The key words here are ‘let myself fall’.  I didn’t try to stop it because to do so would probably have caused more of a spectacle and perhaps an injury.  Trying to control it would have been the wrong thing to do.  It was gravity and I was going down.   So in front of hundreds of children and their teachers, the Fairy Godmother hit the deck.

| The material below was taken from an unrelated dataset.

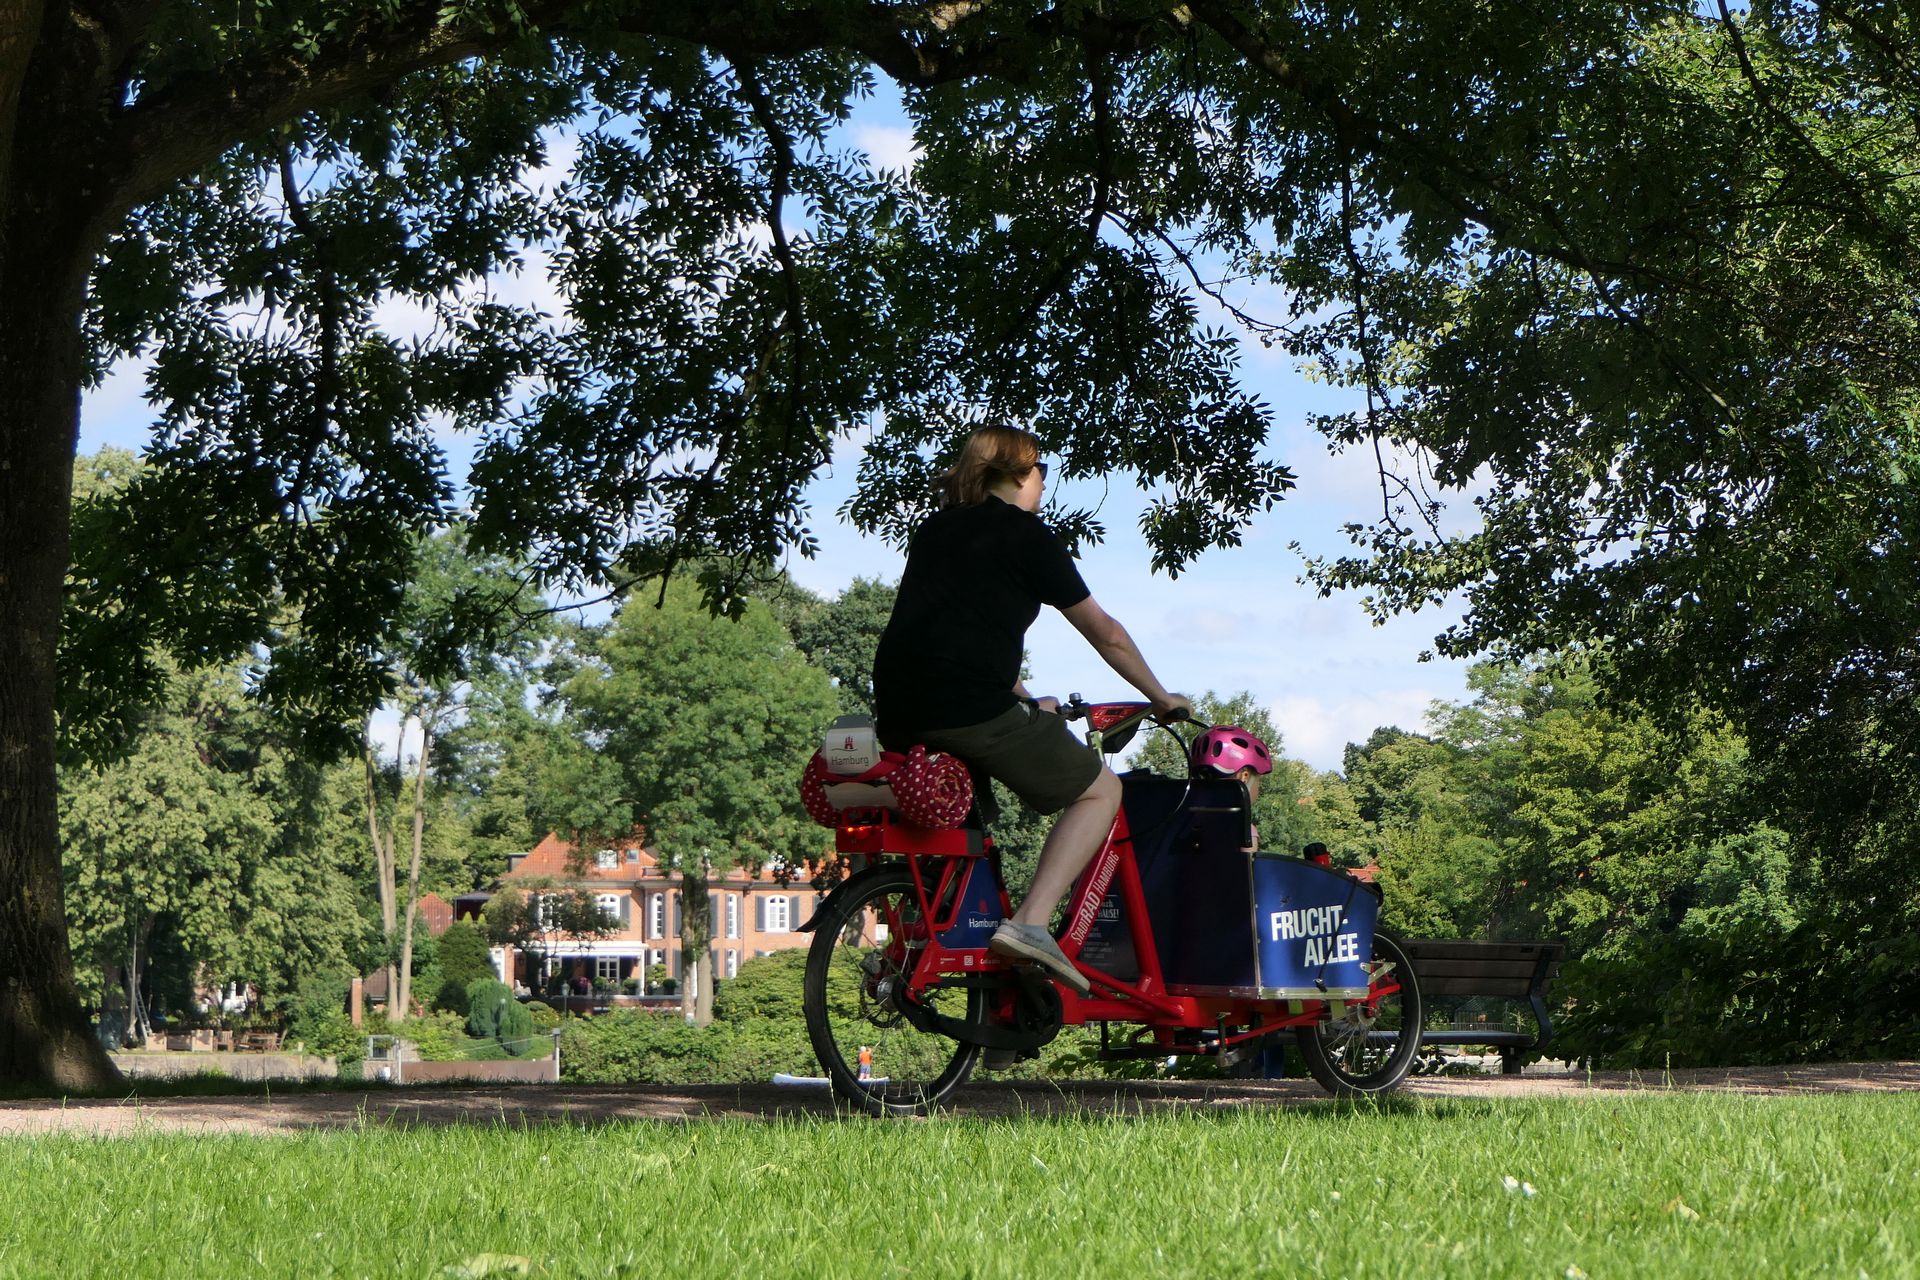 W zachodnioeuropejskich miastach coraz częściej można spotkać rowery cargo. Dzięki wspomaganiu elektrycznego mogą z nich korzystać osoby o całkiem przeciętnej kondycji.

No time to assess the situation.  Need to come up with an appropriate comment and move on.  You’ve heard the expression, “The show must go on!”  And so it must especially with an audience of impressionable kids.  They needed to see that the Fairy Godmother was ok.  So I picked myself up as I said something like, “I’m so excited for you going to the ball in your beautiful new gown that it knocked me off my feet!”  Then I crossed over to Cinderella, introduced her to her flower girl and coachman, and reminded her to be home by midnight!  Oh yes, we sang too! I had to keep going.  If I hadn’t sent her to the ball with the admonition about what would happen at midnight, the rest of the show wouldn’t have made sense.  The story as we know it would have been over!

So besides a chuckle at my grace on stage, what can we learn from this?
  • when possible, pick yourself up and keep going       
  • We can’t let the little things in life take us out (or in my case, down)
  • No matter how much you prepare, life will hand you surprises
The sooner we realize stuff happens, the better so we can move on.  It happens to all of us – even those in the limelight.  Think President Gerald Ford if you’re old enough or President George W Bush who was photographed trying to exit from a banquet in China through a locked door.  Or Jennifer Lawrence tripping up the stairs on the way to her Oscar.  Life happens.

It’s best if we can keep a cool head and a positive attitude whenever possible.  Stress does nothing but hurt us emotionally and physically as more and more research is proving.  Oh yeah, and be prepared.   We at Kaleidoscope call it, “It’s been to have it and not need it than to need it and not have it!” strategy.  Words I actually get to say onstage this summer in Cinderella’s Wedding.  My strategy that day?  AWB – Always Wear Bloomers!